◆ **Exercise data**
********

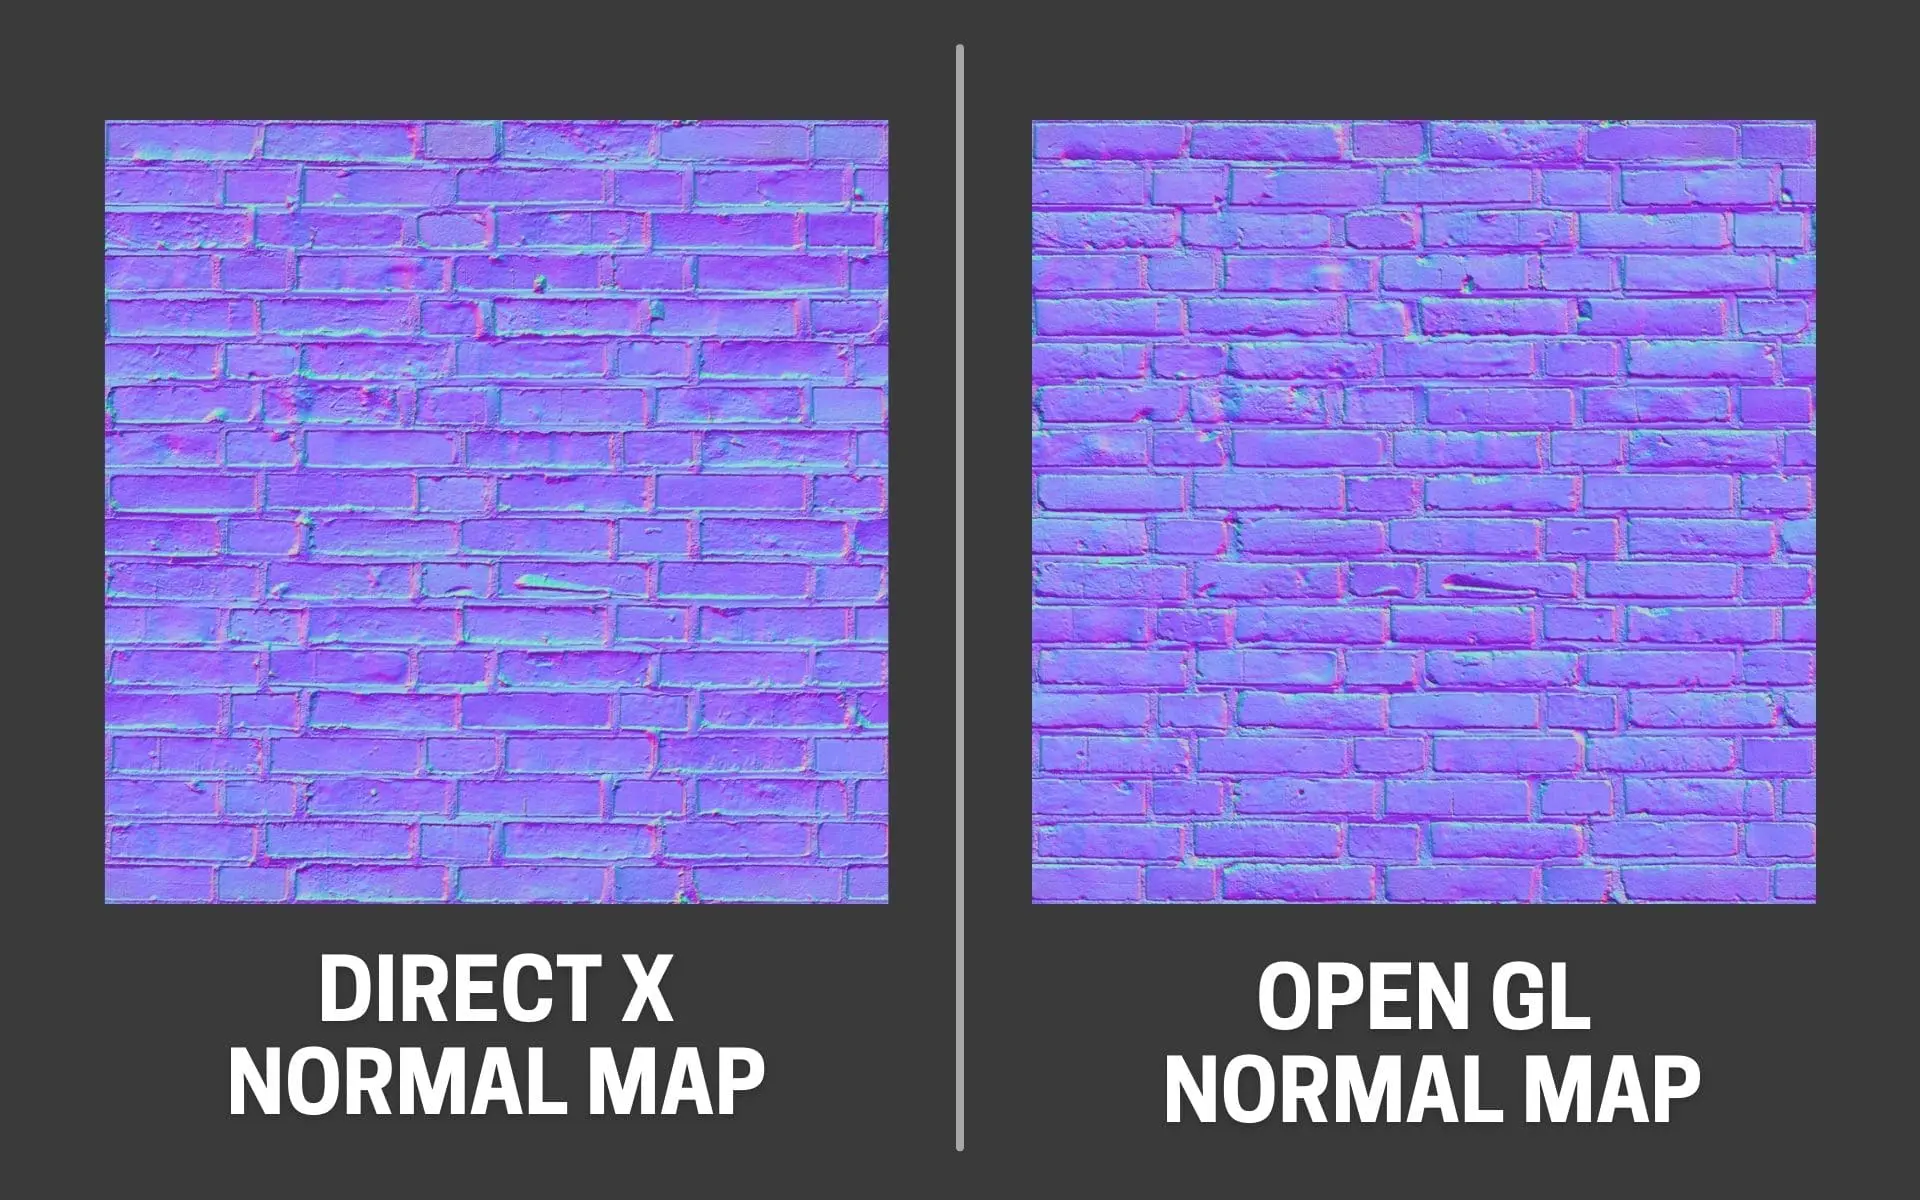 Direct X Normal Map vs Open GL Normal Map - CG - Basics Of 3D Art For Game Development Tutorial
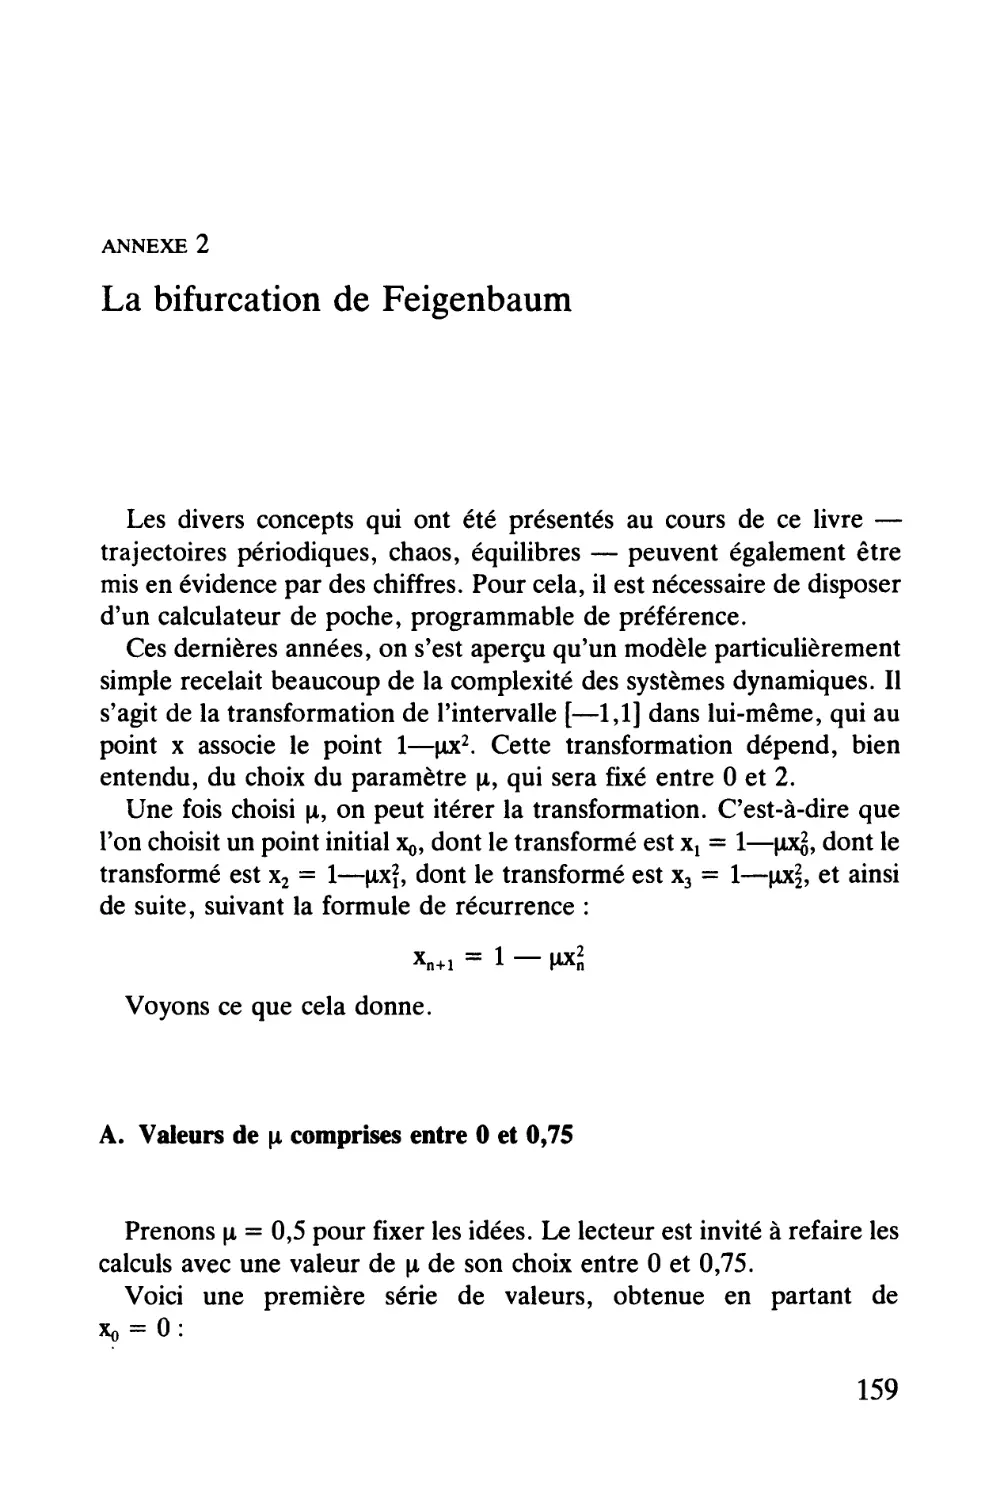 Annexe 2. La bifurcation de Feigenbaum
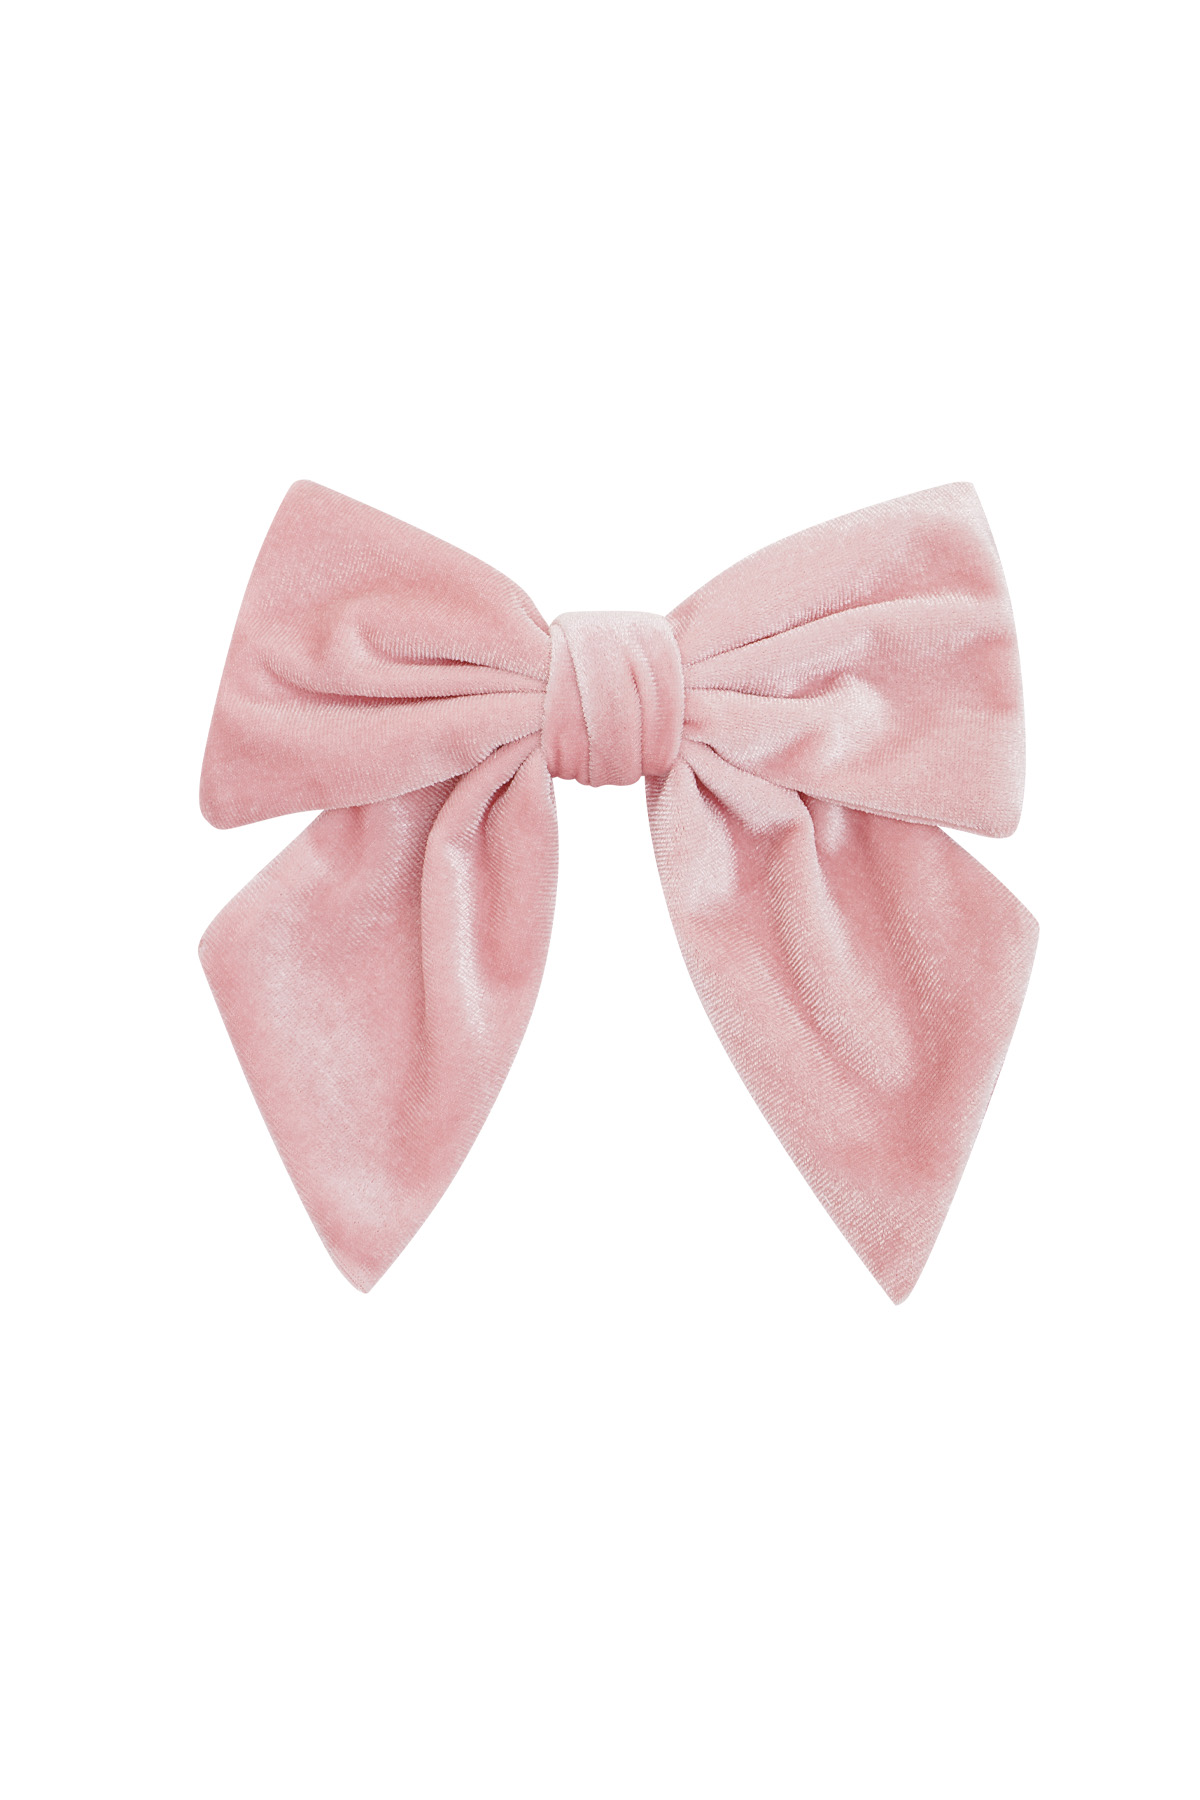 Short cute bow - pink 
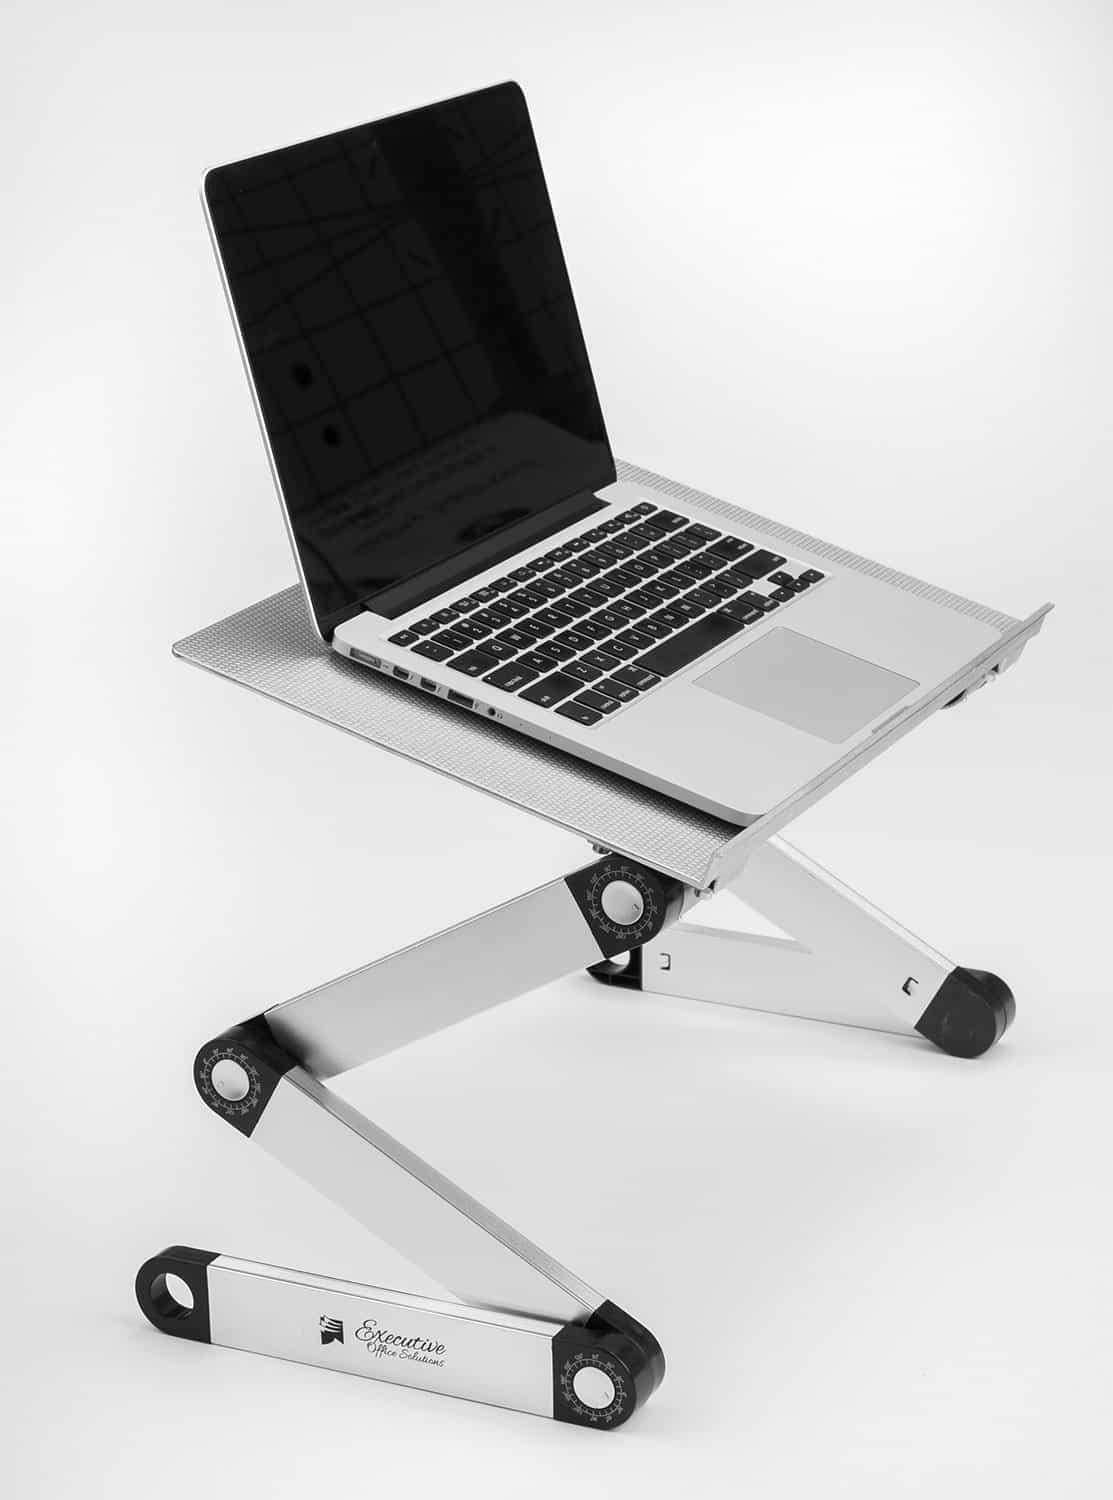 The Whitish Silver Portable Adjustable Aluminum Laptop Desk

********

◆ **Aim of the task**
Although the material contains pictures, only the lines are to be written out, exactly as they stand.

◆ **Written response**
 Direct X Normal Map vs Open GL Normal Map - CG - Basics Of 3D Art For Game Development Tutorial
 Annexe 2. La bifurcation de Feigenbaum
 Short cute bow - pink 
 The Whitish Silver Portable Adjustable Aluminum Laptop Desk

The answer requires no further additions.